Rafael Pharmaceuticals' lead compound, devimistat (CPI-613), has received orphan drug designation (ODD) from the European Medicines Agency (EMA) for the treatment of refractory or relapsed Burkitt's lymphoma, a rare and aggressive variant of non-Hodgkin's lymphoma (NHL). This marks the third ODD granted to devimistat by the EMA, adding to previous designations for pancreatic cancer and acute myeloid leukemia.
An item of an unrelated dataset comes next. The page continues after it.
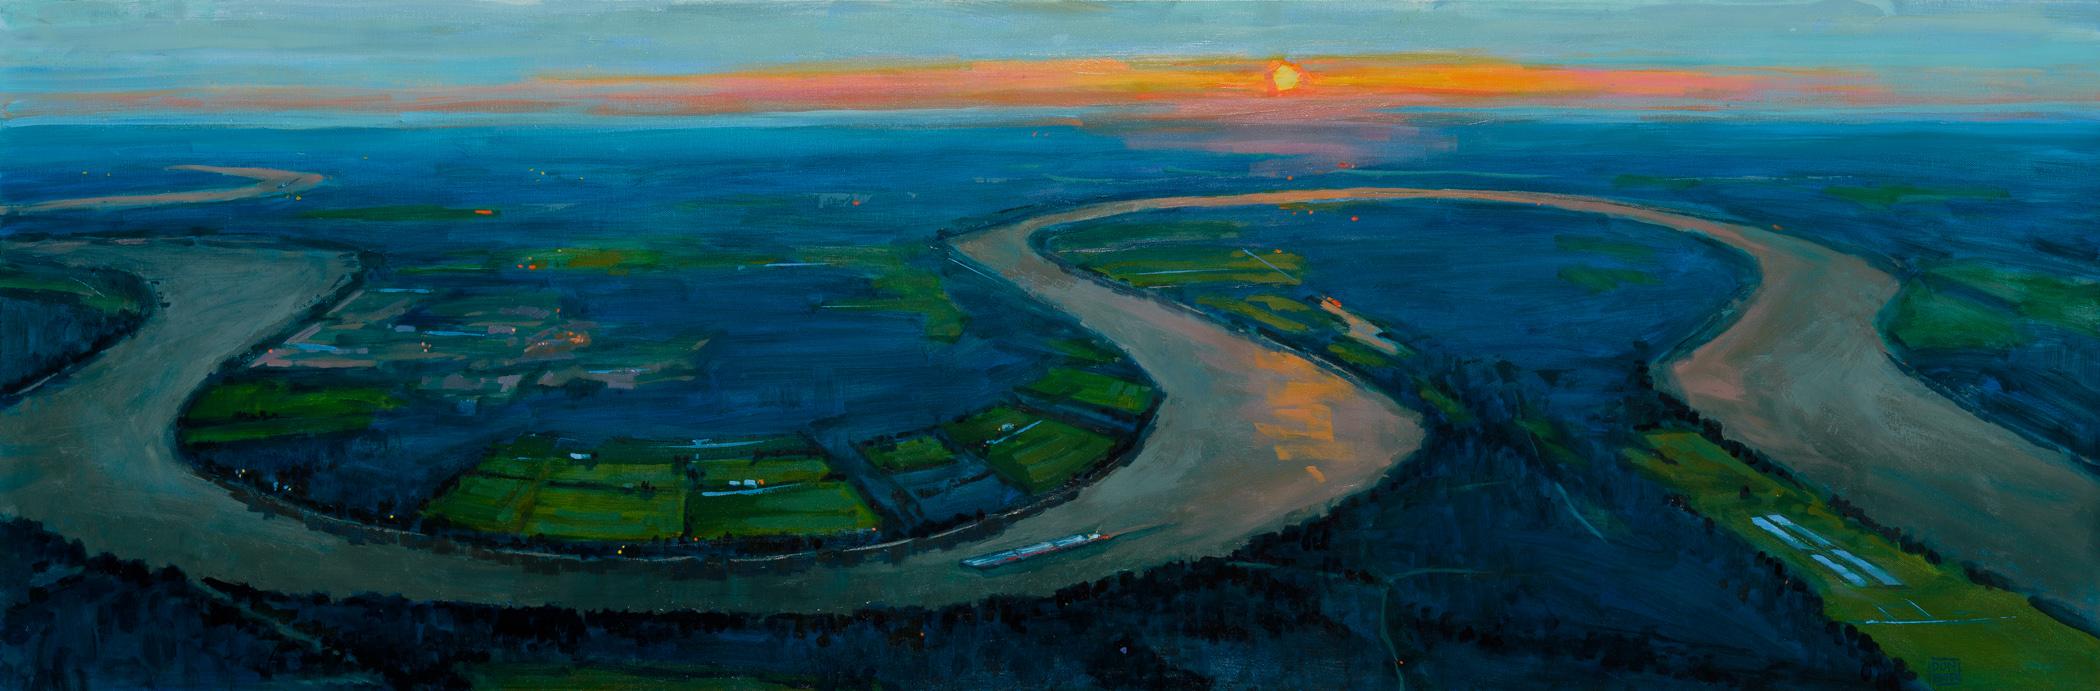 """Twisting the Night Away"" by Lynn Dunbar Bayus, Oil canvas paint, 20x60in, $3500"

Burkitt's lymphoma constitutes approximately 2% of all NHL cases in the United Kingdom but accounts for up to 30% of NHL cases in pediatric patients. Current treatment options beyond first-line therapy are limited, highlighting a significant unmet medical need.
Mechanism of Action
Devimistat is designed to target the mitochondrial tricarboxylic acid cycle, a critical metabolic pathway for tumor cell multiplication and survival. By disrupting this cycle, devimistat aims to selectively inhibit cancer cell growth while sparing normal cells.
Clinical Development
Ariela Noy, a medical oncologist at Memorial Sloan Kettering Cancer Center and principal investigator of Rafael's Phase 2 trial in Burkitt's lymphoma, stated, "HIV dramatically increases the risk of Burkitt's lymphoma. Devimistat brings hope to the many patients with relapsed or refractory Burkitt's lymphoma, as well as their loved ones."
The FDA has previously granted devimistat seven ODD indications, including one for Burkitt's lymphoma, underscoring the potential of this compound in addressing unmet needs in rare cancers. Sanjeev Luther, president and CEO of Rafael Pharmaceuticals, emphasized the significance of this milestone, stating, "Relapsed or refractory Burkitt's lymphoma can be a devastating form of cancer that is in need of effective treatment options. Milestones such as this can offer hope for the patients and families who suffer from this rare form of lymphoma with few options to turn to."